If there are some markers that can not only detect cervical cancer and endometrial cancer with high sensitivity, but also identify the type of tumor, it will have great clinical application value.

In view of this, the present invention is proposed.

Summary of the invention

The first purpose of the present invention is to provide a reagent for detecting methylation of RASSF1A, SHOX2 and SEPTIN9 genes for use in preparing a kit for detecting cervical cancer and endometrial cancer, so as to solve the problem of lack of effective means for detecting cervical cancer and endometrial cancer in the prior art.

The second object of the present invention is to provide a reagent for detecting methylation of RASSF1A, SHOX2 and SEPTIN9 genes for use in preparing a kit for indicating the risk of cervical squamous intraepithelial neoplasia and guiding high-risk triage.

The third object of the present invention is to provide the use of a reagent for detecting methylation of RASSF1A, SHOX2 and SEPTIN9 genes in the preparation of a kit for detecting atypical endometrial hyperplasia and endometrial cancer.

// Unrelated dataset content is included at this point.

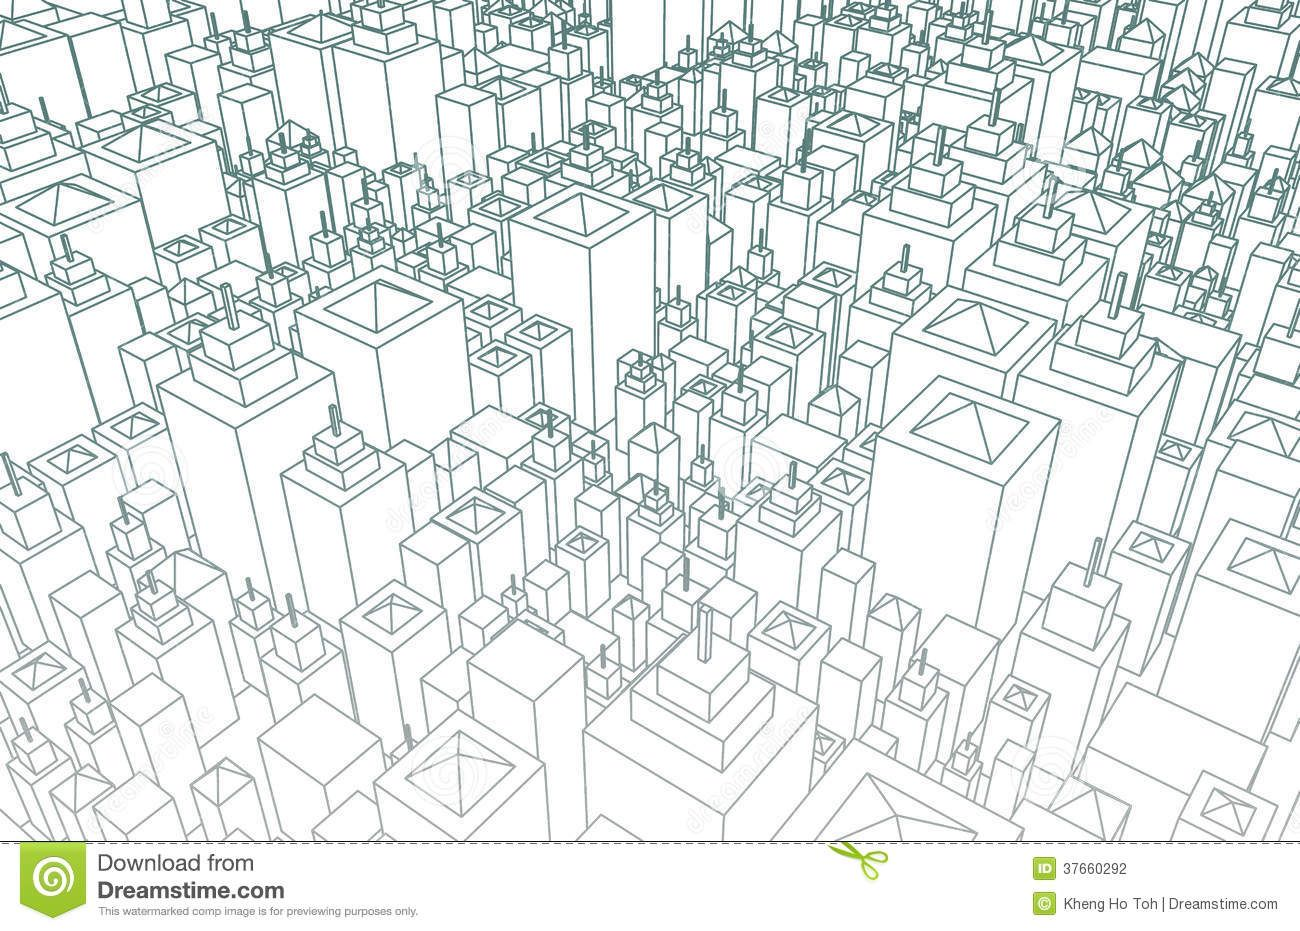 Wireframe city buildings blueprint design art 37660292g 1300931 wireframe city buildings blueprint design art 37660292g 1300931 malvernweather Gallery

In order to achieve the above objectives, the following technical solutions are adopted.

In a first aspect, the present invention provides the use of a reagent for detecting methylation of RASSF1A, SHOX2 and SEPTIN9 genes in the preparation of a kit for detecting cervical cancer and endometrial cancer.

As a further technical solution, the cervical cancer includes cervical adenocarcinoma and cervical squamous cell carcinoma.

As a further technical solution, if the sample is positive for methylation of any gene of RASSF1A, SHOX2 or SEPTIN9, it indicates an increased possibility of cervical or endometrial malignancy, and the patient is advised to undergo further clinical examination in a timely manner;

If the sample RASSF1A gene methylation is negative, and either SHOX2 or SEPTIN9 gene methylation is positive, it indicates that the possibility of the malignant lesion being cervical squamous cell carcinoma increases, and the patient is advised to undergo further clinical examination in a timely manner;

If the sample RASSF1A gene methylation is positive, and either SEPTIN9 or SHOX2 gene methylation is positive, it indicates that the possibility of the malignant lesion being cervical adenocarcinoma or cervical squamous cell carcinoma with adenocarcinoma increases, and the patient is advised to undergo further clinical examination in a timely manner;

If the sample's SEPTIN9 gene methylation is negative, but either SHOX2 or RASSF1A gene methylation is positive, it indicates that the possibility that the malignant lesion is endometrial cancer increases, and the patient is advised to undergo further clinical examination in a timely manner.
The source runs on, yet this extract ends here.